In the event, the University of Oxford, stating that it needed to organize a massive global roll-out, entered into an exclusive deal with AstraZeneca, which agreed to sell the vaccine on a not-for-profit basis, claiming “We are absolutely committed to make the vaccine available to as many countries as possible at no profit during the period of the pandemic to support broad and equitable access around the world.”

Forgoing profits in the short term was viewed as good public relations and in any event ran counter to the terms of the deal that were not made public. According to the Financial Times, the contract allows the company to make 20 percent above the cost of manufacturing the vaccines and can raise the price when it deems the pandemic to be over, any time after the end of July. While these conditions appear to apply to the UK and EU, the company is also selling the vaccine to poorer countries, including Bangladesh, South Africa and Uganda, at higher prices.

Nevertheless, the AstraZeneca jab is the cheapest on the market, with the US corporation Johnson & Johnson more expensive despite also selling its vaccine at “cost price” during the pandemic, which is why the AstraZeneca vaccine has far larger shots under contract than any other vaccine producer.
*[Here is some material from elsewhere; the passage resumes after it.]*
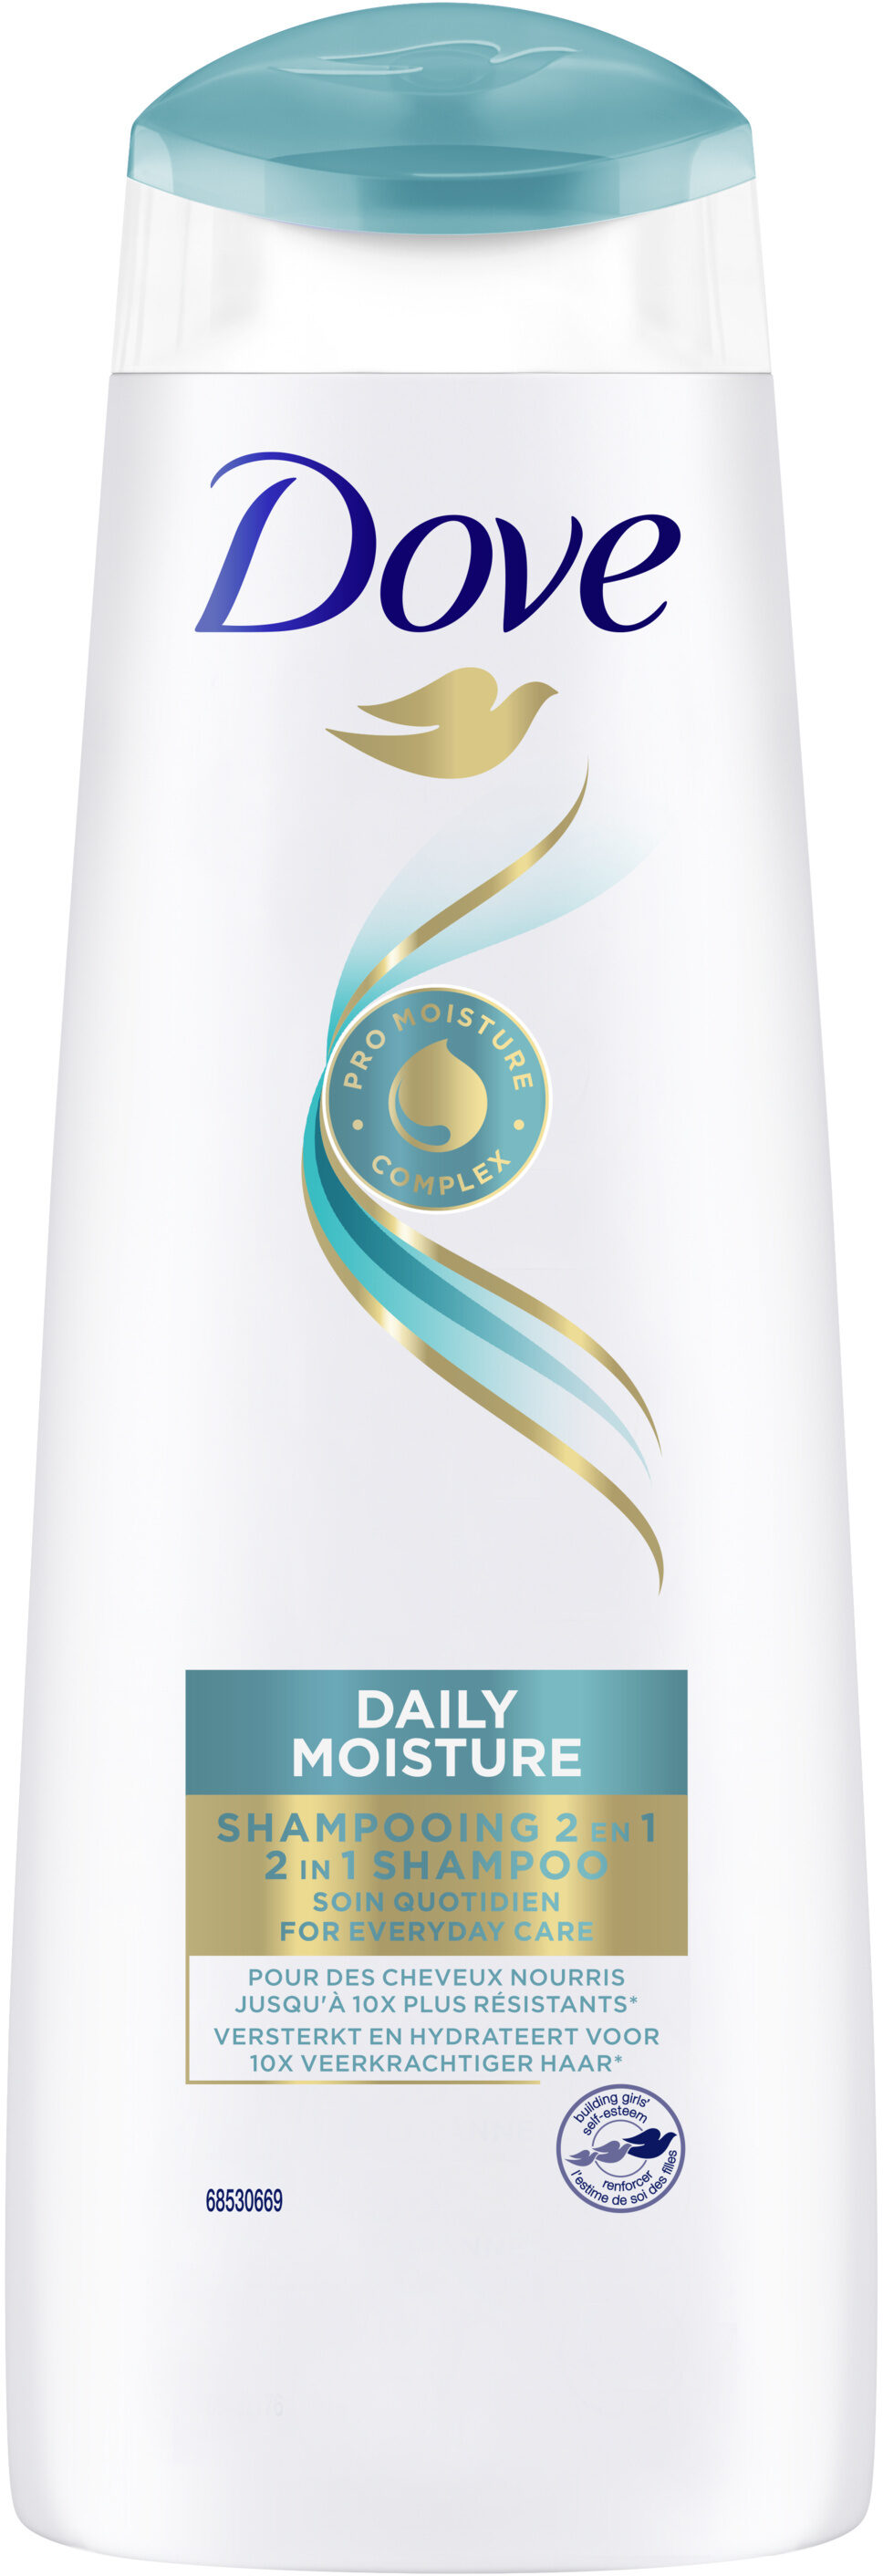 DOVE Shampoing Soin Quotidien 2 en 1 250ml - Product - fr

Its vaccine became the vaccine of choice for the world’s poorest countries and the WHO’s Covax scheme, particularly since it does not require storage at low temperatures.

Their prices at $2-$4 are far lower than Sanofi/GSK’s vaccine at $9.19, Pfizer/BioNTech’s at $14.59 and Moderna’s at $18, according to the pricelist negotiated by the EU. Other countries, including the US, are paying far higher prices, with the Pfizer jab reportedly costing $39 per person. While AstraZeneca’s expected profits are unknown, sales of $6.4 billion in 2021 and a 20 percent profit margin implies profits approaching $1.3 billion.

Unquestionably, AstraZeneca’s undercutting of the market has incurred the wrath of its rivals, causing uproar in France, Germany and the US. The EU threatened a ban on the export of the vaccine, yet another instance of the vaccine wars fueled by the conflicting interests of the rival companies, the major imperialist countries, as well as their rivals and client states.

The unrestrained drive for profits has put vaccines out of reach for most of the world’s population and will serve to massively increase global death rates as more virulent mutants proliferate.

The disastrous response of all the major capitalist powers and the pharmaceutical industry to the global COVID-19 pandemic confirms the necessity of abolishing the capitalist system that subjugates human health and every other basic need to private profit. The international working class must intervene to expropriate the pharmaceutical giants and every major industry sector, transforming these monopolies into publicly-owned and democratically-controlled utilities to serve the needs of humanity.